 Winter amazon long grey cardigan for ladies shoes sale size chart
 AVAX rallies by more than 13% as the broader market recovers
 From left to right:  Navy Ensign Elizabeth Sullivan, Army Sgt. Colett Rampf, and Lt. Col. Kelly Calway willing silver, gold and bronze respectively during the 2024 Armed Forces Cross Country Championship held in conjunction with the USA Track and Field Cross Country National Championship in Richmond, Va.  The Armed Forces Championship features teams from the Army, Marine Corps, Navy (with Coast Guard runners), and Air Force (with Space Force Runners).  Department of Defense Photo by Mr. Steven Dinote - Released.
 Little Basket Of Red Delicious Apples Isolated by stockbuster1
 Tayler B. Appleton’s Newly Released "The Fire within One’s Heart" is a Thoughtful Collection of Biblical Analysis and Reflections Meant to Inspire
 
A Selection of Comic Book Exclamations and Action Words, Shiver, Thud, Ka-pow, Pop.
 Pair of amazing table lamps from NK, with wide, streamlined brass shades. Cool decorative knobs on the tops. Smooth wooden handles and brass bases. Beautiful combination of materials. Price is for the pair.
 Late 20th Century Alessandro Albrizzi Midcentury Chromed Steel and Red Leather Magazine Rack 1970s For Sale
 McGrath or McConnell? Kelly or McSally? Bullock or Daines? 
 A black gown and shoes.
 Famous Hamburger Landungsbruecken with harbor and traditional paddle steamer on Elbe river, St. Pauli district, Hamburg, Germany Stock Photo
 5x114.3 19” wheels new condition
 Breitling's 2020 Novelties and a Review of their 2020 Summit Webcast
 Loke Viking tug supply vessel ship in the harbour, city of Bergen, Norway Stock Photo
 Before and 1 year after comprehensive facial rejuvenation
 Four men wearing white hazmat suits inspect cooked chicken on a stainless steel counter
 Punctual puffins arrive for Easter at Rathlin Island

THE TASK: Please transcribe word for word the lines from the line with "Four men wearing" to the end of the material, both ends included.

WRITTEN ANSWER:
 Four men wearing white hazmat suits inspect cooked chicken on a stainless steel counter
 Punctual puffins arrive for Easter at Rathlin Island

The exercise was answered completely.